Ovarian Tissue Cryopreservation:
The removal of either a section of the ovary, or the entire ovary, in order to freeze it for future use. While this is an experimental procedure, it is another possible option for a female who has minimal time before treatment starts and/or cannot undergo hormone stimulation.
Ovarian Transposition:
The surgical repositioning of one or both ovaries away from the radiation field. Success rates are unknown and vary from patient to patient.
Ovarian Shielding:
The shielding of radiation from the ovaries and/or uterus to minimize damage to reproductive organs. Success rates are unknown and vary from patient to patient.
Trachelectomy:
The surgical removal of the cervix, leaving the uterus intact for the future possibility of pregnancy. This is an increasingly common treatment option for those in early stages of cervical cancer.

For Men

Sperm Cryopreservation:
The freezing of sperm for future use. This is the standard way for men to preserve their ability to have children. Sperm can be frozen for many years and thawed in an attempt to conceive using assisted reproductive technologies.
Testicular Shielding:
The shielding of radiation to the testicles or pelvic area to minimize the risk of damage to reproductive organs. Success rates are unknown and vary from patient to patient. Successful shielding is also dependent on the proximity of the radiation field to the testicles.
Testicular Sperm Extraction:
The removal of testicular tissue via biopsy and examining the sample for sperm cells. If cells are found they can be frozen for future use.
Testicular Tissue Cryopreservation:
The removal of a piece of the testicle for freezing. This procedure is experimental with no live births to date, but shows promise for the future.

Please Note: Many fertility related procedures are not publicly funded. Please inquire with individual fertility centres regarding the services available and associated fees.

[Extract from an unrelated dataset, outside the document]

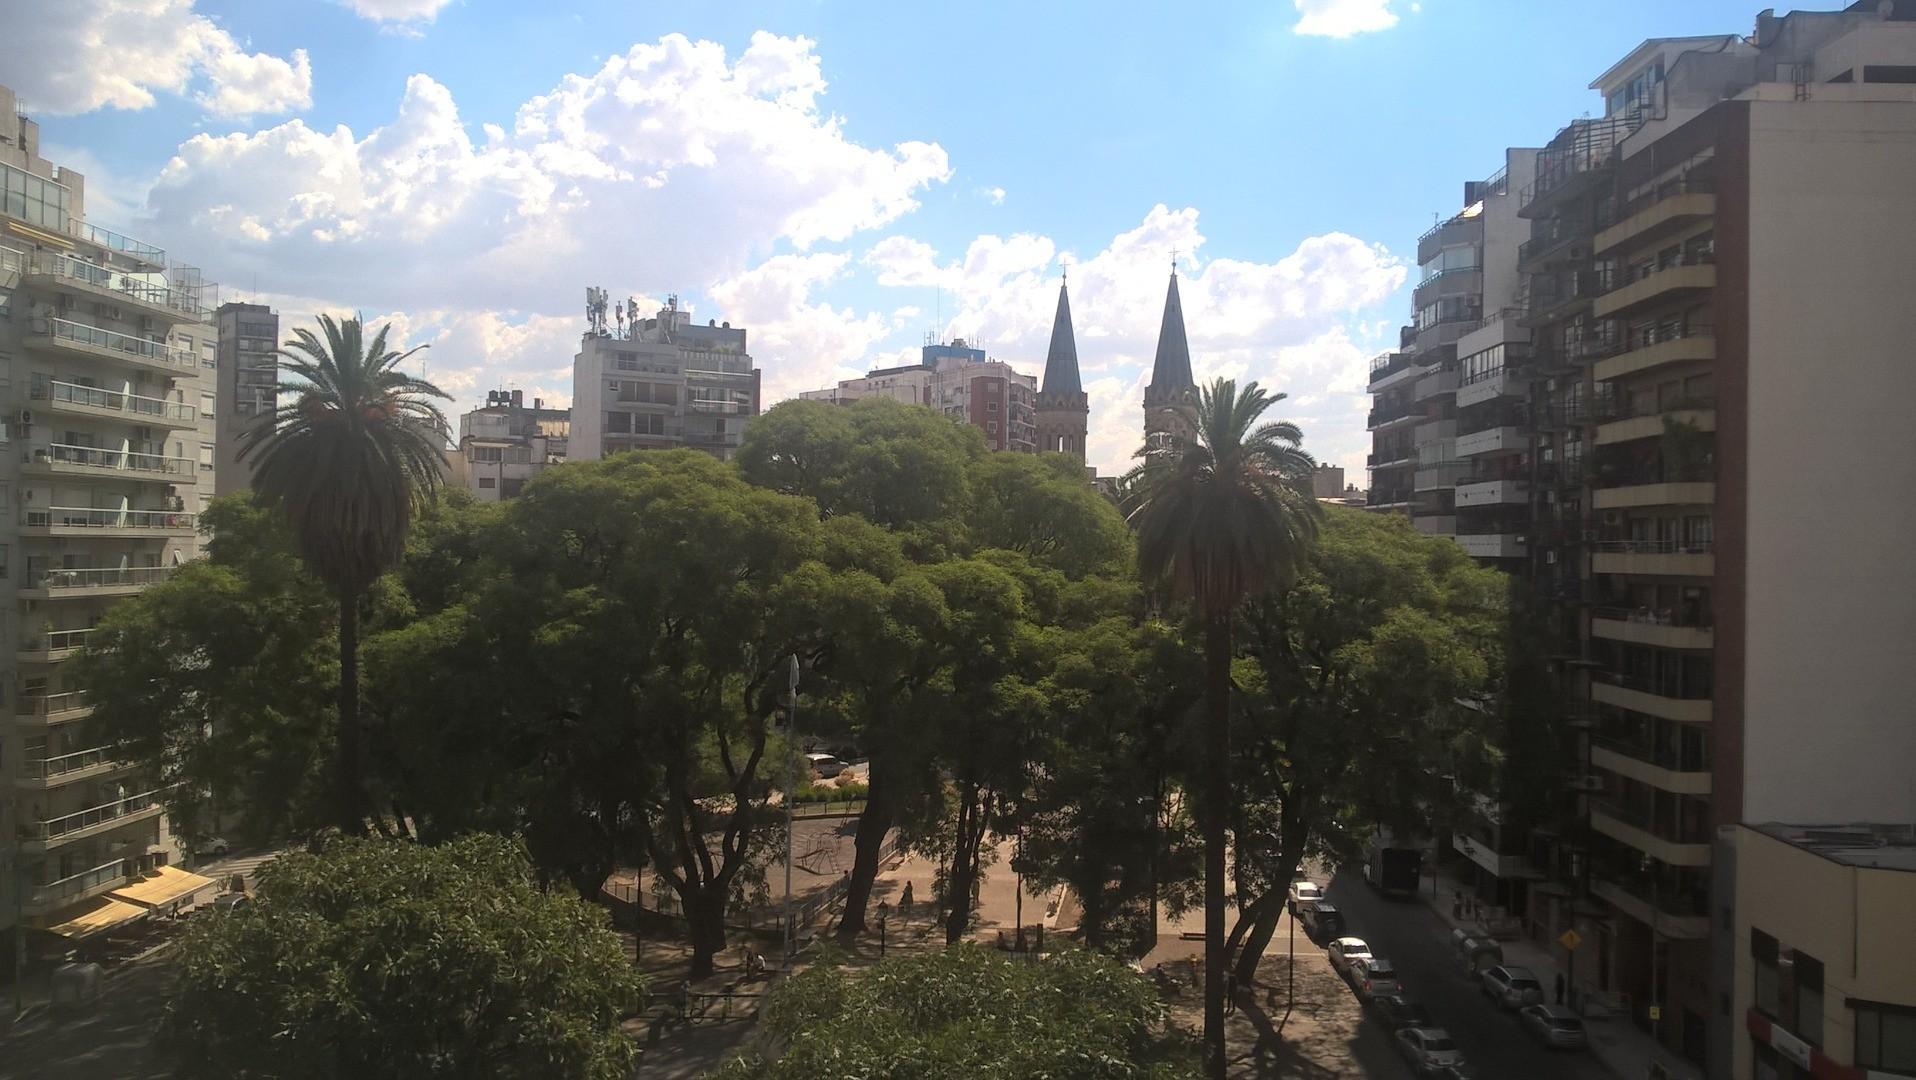 DESTACADO DEL MES! LO MEJOR DEL ALTO PALERMO! Vista Unica! A Plaza Guadalupe y Basilica

Fertility Options for Cancer Survivors

Natural Conception:
Some female cancer survivors may become pregnant naturally after cancer treatment. The likelihood of conceiving naturally can be assessed with blood tests and ultrasounds that determine hormone levels and ovarian activity. Male cancer survivors may have their sperm tested (semen analysis) to assess the likelihood of natural conception.
Assisted Reproductive Technologies:
Female cancer survivors who froze their eggs or embryos prior to cancer treatment can thaw and implant these materials to attempt pregnancy. For affected male cancer survivors, the frozen sperm can be used to fertilize an egg through intrauterine insemination (IUI) or in vitro fertilization (IVF).
Donor Eggs/Sperm/Embryos:
If an individual is infertile because of his or her cancer treatment, he or she may choose to use donor egg(s), sperm, or embryo(s).
Gestational Carrier:
A gestational carrier or surrogate mother is a woman who carries a pregnancy for an individual or couple. This is a useful option for women who have had radiation therapy in the pelvic or lower abdominal area, causing the inability to conceive or carry a pregnancy.
Adoption:
Some private agencies may consider medical history as a factor for adoption.

Conclusion

There are many fertility preservation options that can maintain your ability to have a family in the future. Addressing your fertility prior to undergoing cancer treatment can help provide you with as many options as possible to have a family in the future. If you have been recently diagnosed, are undergoing treatment, or have already completed cancer treatment, you can get more information about your fertility preservation options by asking your physician(s) for a referral to a Reproductive Endocrinologist – a physician who specializes in fertility and reproduction.

  1. Cancer Care Ontario: Cancer in Young Adults in Canada, Toronto, Canada, 2006.